Section 7001 of the Act also amends EESA Section 111(e) to require the CEO and CFO of each TARP recipient to provide a written certification of compliance by the TARP recipient with the requirements of Section 111(e), as amended. In his February 20, 2009 letter, Chairman Dodd stated that, "As this certification requirement relates to compliance with executive compensation and corporate governance standards that have yet to be established by the Secretary of the Treasury, it is my view that this requirement is not yet effective and therefore CEOs and CFOs will not be required to certify as to their company's compliance with such standards until they have been established."

The Division staff is following the views expressed in Chairman Dodd's letter to Chairman Schapiro.

Question 1

Question: EESA Section 111(e)(1), as amended, is titled "Annual shareholder approval of executive compensation" and provides that any proxy or consent or authorization for "an annual or other meeting of the shareholders of any TARP recipient" shall permit a separate shareholder vote on executive compensation. Is a separate shareholder vote on executive compensation required for any meeting other than the annual meeting of shareholders for which proxies will be solicited for the election of directors or a special meeting in lieu of such annual meeting?

Answer: No. [Feb. 24, 2009]

Question 2

Question: EESA Section 111(e)(1), as amended, refers to the compensation of executives "as disclosed pursuant to the compensation disclosure rules of the Commission (which disclosure shall include the compensation discussion and analysis, the compensation tables, and any related material)." Smaller reporting companies are not required to provide compensation discussion and analysis under Item 402 of Regulation S-K. If a smaller reporting company is subject to the Act's say-on-pay provision, must the smaller reporting company provide compensation discussion and analysis disclosure?

Answer: No. [Feb. 24, 2009]

Question 3

Question: A company that determines to comply with EESA Section 111(e)(1), as amended, by including its own proposal to have shareholders approve executive compensation will be required to file a preliminary proxy statement pursuant to Exchange Act Rule 14a-6(a).

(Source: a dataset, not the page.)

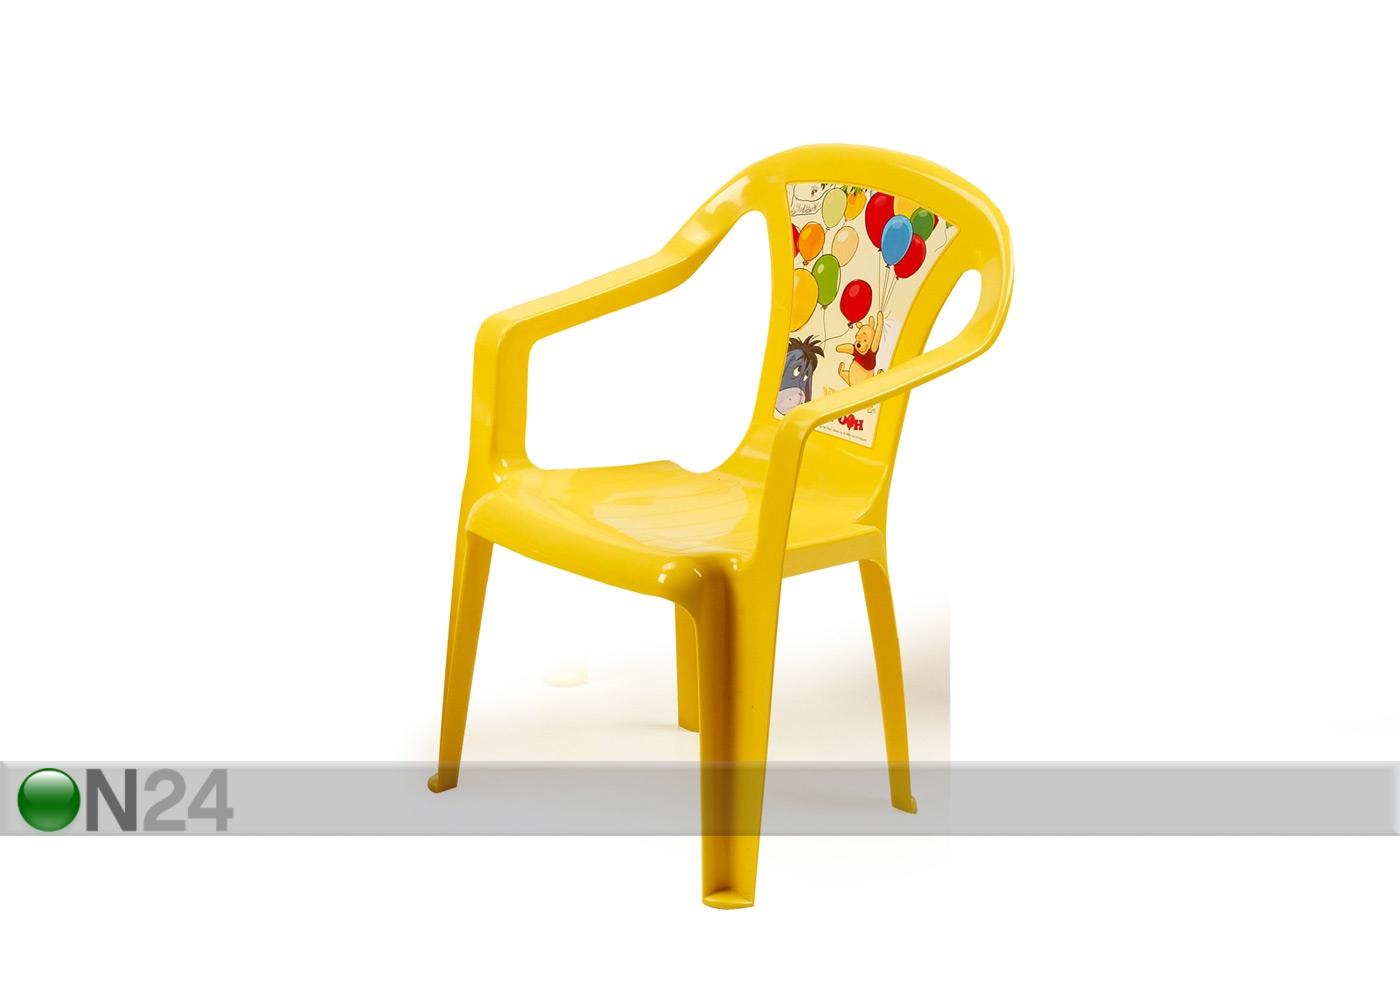 Lasten tuoli NALLE PUH EV 49298  ON24 Sisustustavaratalo

If the company faces special circumstances and would like to request acceleration of Rule 14a-6(a)'s ten-day review period, how should it proceed?

Answer: The company should contact the Assistant Director of the office that reviews the company's filings to discuss the special circumstances the company faces and how the ten-day review period could be accelerated. [Feb. 24, 2009]

Question 4

Question: EESA Section 111(e)(1), as amended, states that the TARP recipient "shall permit a separate shareholder vote to approve the compensation of executives." Does this mean that the TARP recipient only needs to permit a shareholder vote if it receives a shareholder proposal on approving executive compensation?

Answer: No. The statute does not condition the requirement for a vote on the receipt of a shareholder proposal on approving executive compensation. Senator Dodd stated in his letter to Chairman Schapiro, "The law is intended to require a yearly vote by shareholders." [Feb. 26, 2009]

Question 5

Question: Can EESA Section 111(e)(1), as amended, be satisfied by a TARP recipient if it includes a shareholder proposal on "say on pay" in its proxy statement?

Answer: This provision calls for a shareholder vote on executive compensation as disclosed pursuant to the Commission's compensation disclosure rules. A shareholder proposal on "say on pay" that only asks the company to adopt a policy providing for annual shareholder votes on executive compensation in the future would not satisfy this requirement. The statute instead requires an actual, non-binding vote by the shareholders to approve executive compensation. [Feb. 26, 2009]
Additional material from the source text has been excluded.